Most people log into Google Analytics and start tracking metrics like the number of page visitors, number of pages visited during a session, time spent on site, bounce rate, etc.
They choose the reports available in the basic configuration of Google analytic, which are easily accessible, but in reality do not really give you anything.
For example – the already mentioned number of pages visited during the session. If it increases, you may think that everything is fine, because if people visit several pages during one session, then the website seems interesting to them, the content is appropriate and you are on the right track.
But maybe your website structure is just too complicated? Visitors click on the nth page, do not find what they are looking for, leave unsatisfied and never return to your page?
Or is everything fine in this case?
When choosing site performance metrics, start with your business. Don't even look at Google Analytics or any other tool, but first define the performance indicators of your business (not your website) (KPIs).

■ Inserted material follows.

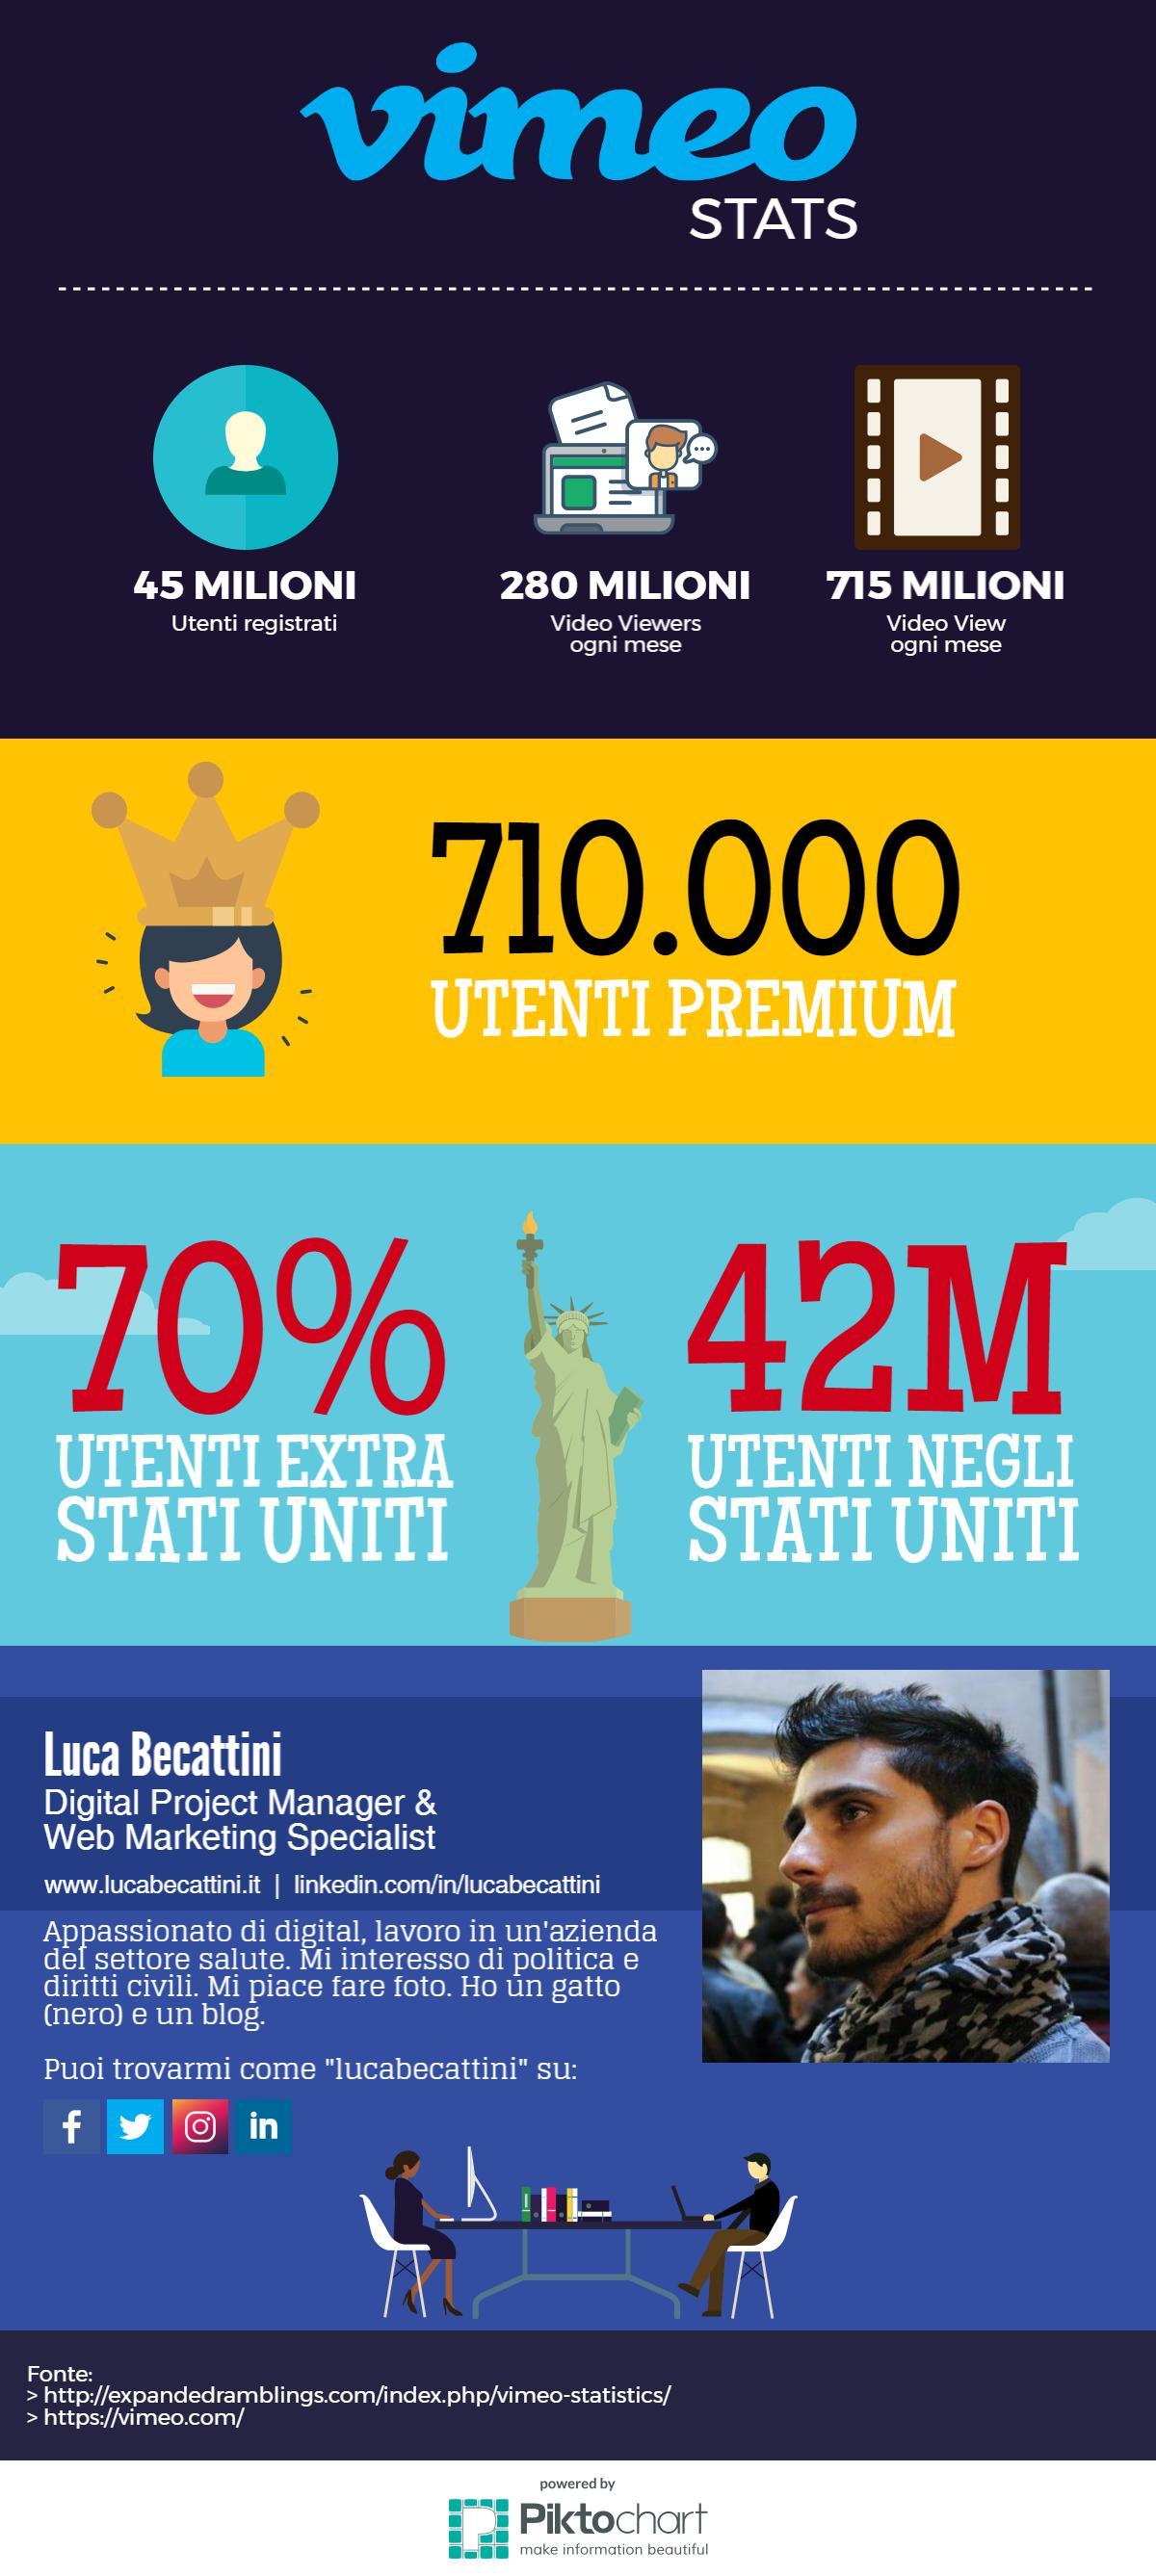 vimeo-stats-infographic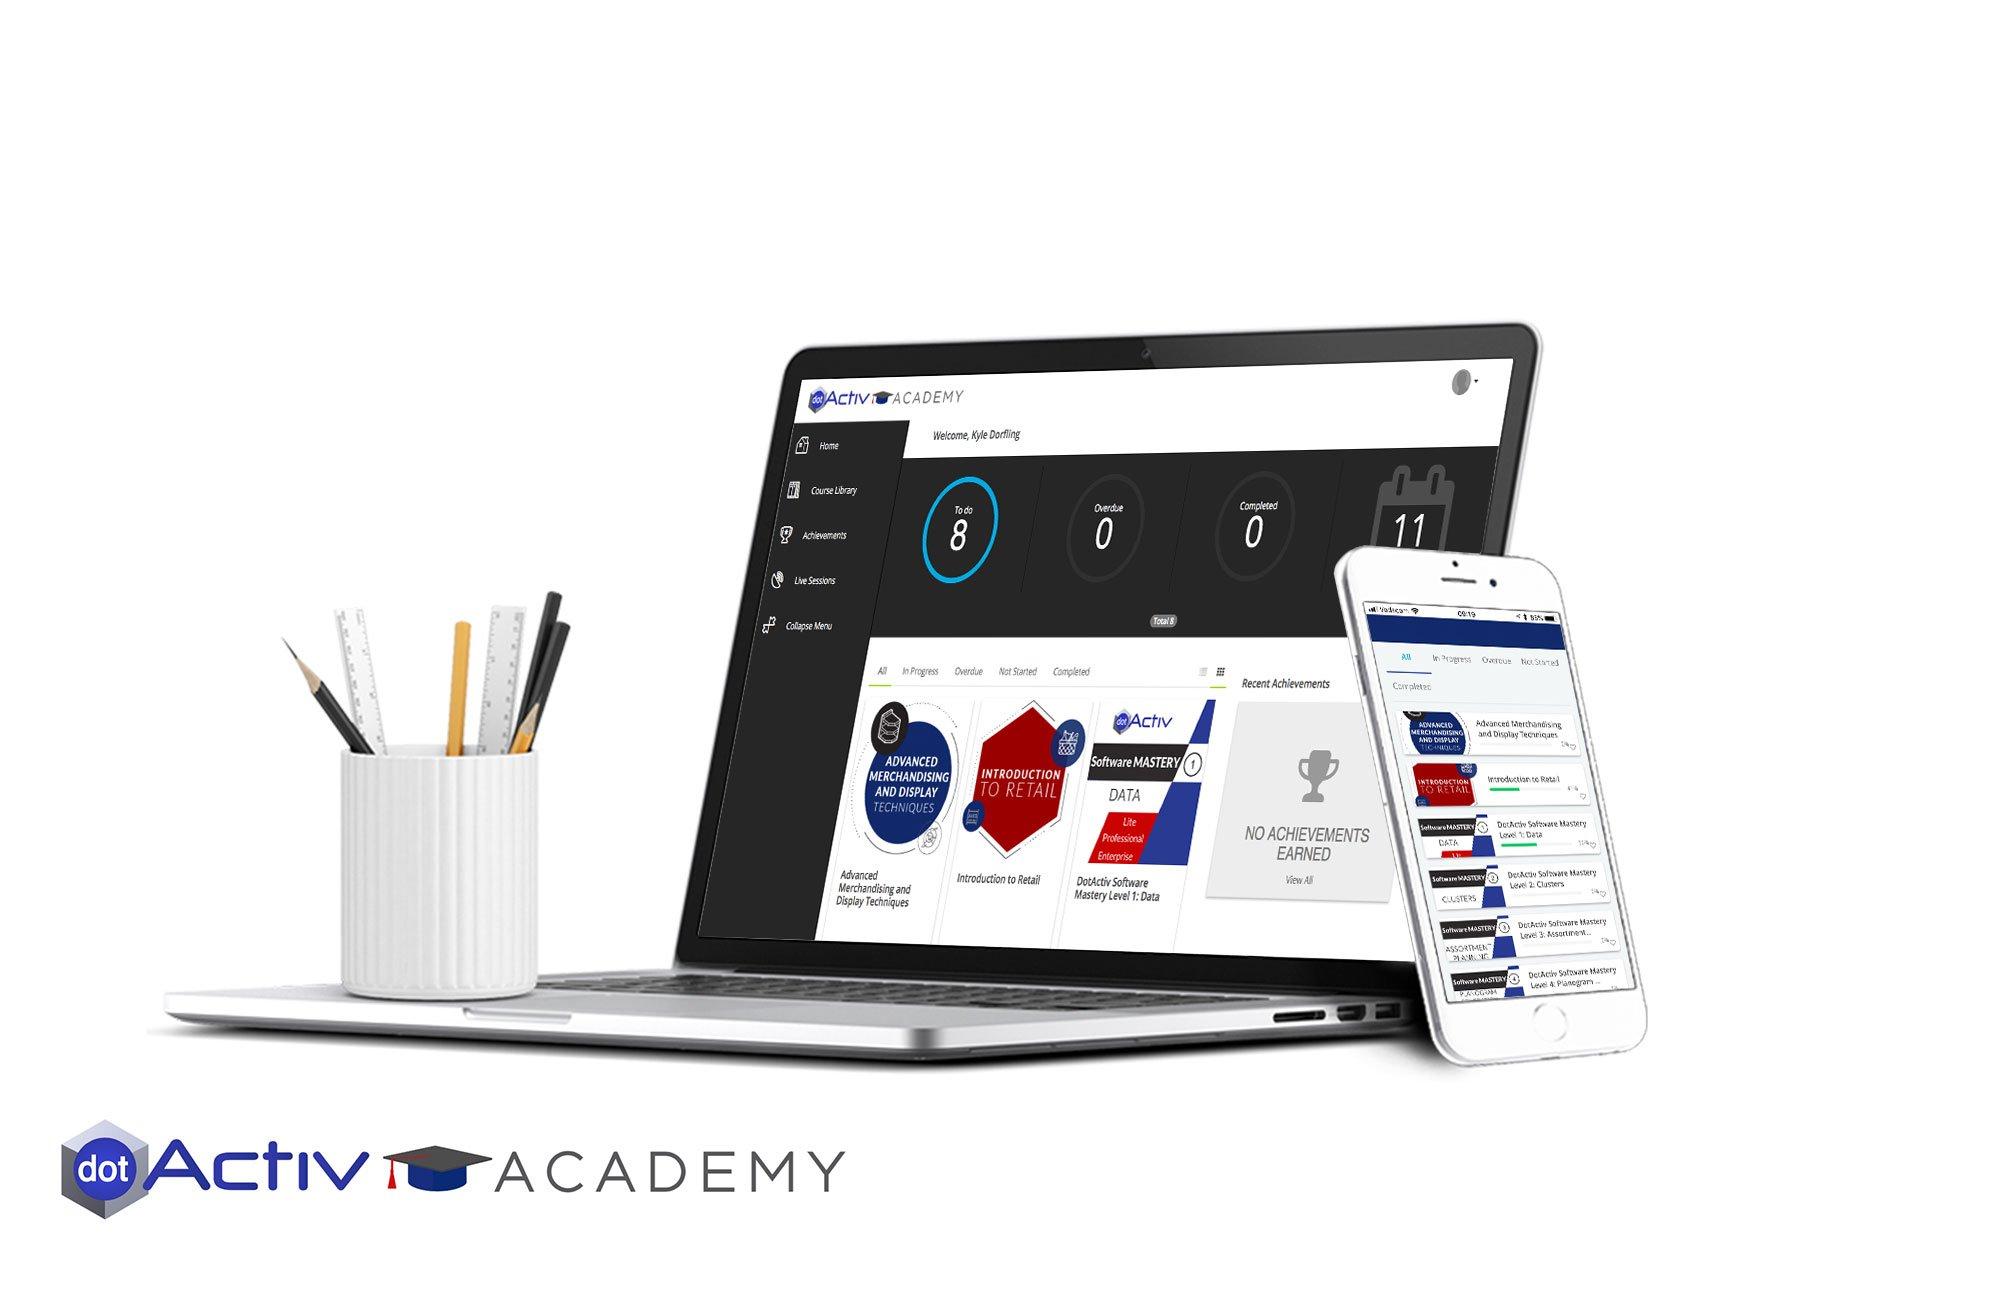 Dotactiv-Academy.jpg

Choose metrics that show how healthy your business is, such as revenue, number of potential buyers, logging into an account and total lifetime value of customers.
Then choose analysis tools that can make these measurements as accurately as possible. If the data needs to be exported and further processed in Excel or Google Sheets for optimal results, do it.
Once you have defined how you will assess the health of your business, you can focus on indicators such as:
- A/B test results;
- Cohort reviews;
- Sales funnels…
If your business is web publishing or placing advertisements on your website, such indicators/metrics as the number of page visitors, the number of pages visited during a session, etc., are of course important to you, because they determine your income.
In other cases, look for other metrics to measure performance.
There are only 24 hours in a day, so every minute counts - don't waste your time tracking indicators that don't help you.
Focus on metrics that help you make decisions that help you understand customer behavior.
If you succeed, you will be able to develop your business much faster.